No que se diz respeito às brigas, 21 crianças testemunharam já ter participado de algum episódio dessa natureza, sendo 11 meninas e dez meninos. Identificamos, ainda, que o corpo das crianças acusa pistas importantes para identificar o início de uma briga. Por exemplo, nos episódios em que acompanhamos, todos os participantes, indistintamente, apresentaram expressões faciais de raiva, bem como gestos ríspidos, sem aparentar qualquer tipo de cuidado ou pudor com o outro. O local predileto da escola para a realização das brigas, segundo eles, é a parte de trás da escola, em uma porção escondida pelas paredes do ginásio.

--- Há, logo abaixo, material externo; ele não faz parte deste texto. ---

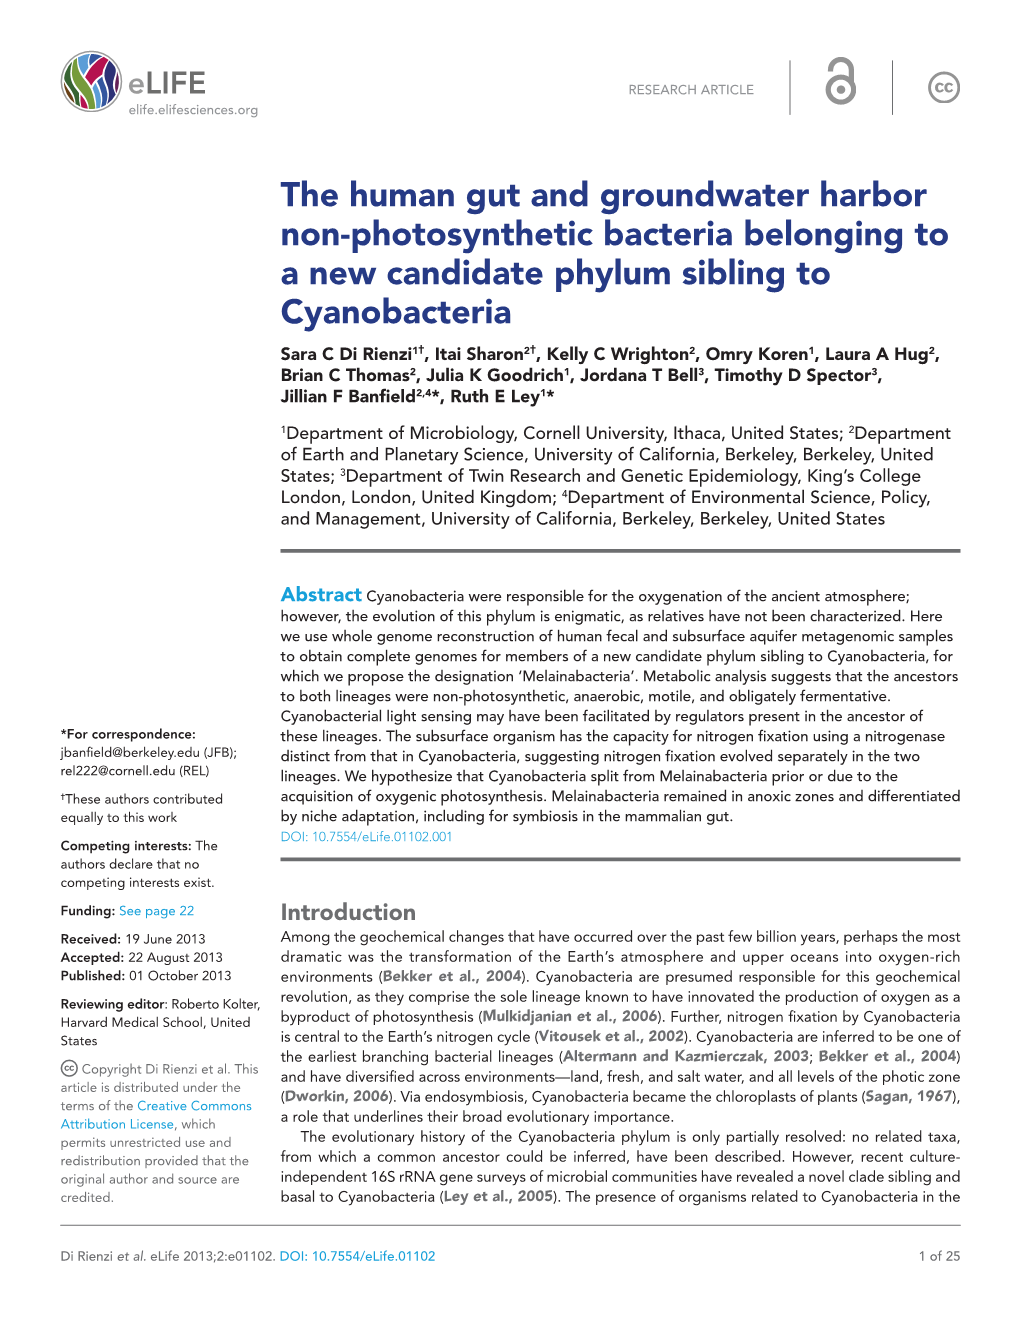 The Human Gut and Groundwater Harbor Non-Photosynthetic Bacteria

Ainda com relação às brigas na escola, pudemos perceber características que dão contornos à manifestação protagonizada pelas crianças. Em alguns dos casos relatados, a briga começou como uma simples brincadeira e, em decorrência da transgressão de uma norma implícita ou o excesso de alguém - como um empurrão desproporcional, por exemplo -, acabou desembocando em atos de agressão desmedida de ambas as partes. Outro aspecto a ser destacado é que, claramente, o objetivo primordial da briga é subjugar o oponente, seja machucando, causando-lhe dor ou humilhando-o em frente aos pares. Nesse sentido, o outro é considerado como “alvo” e não um mero adversário.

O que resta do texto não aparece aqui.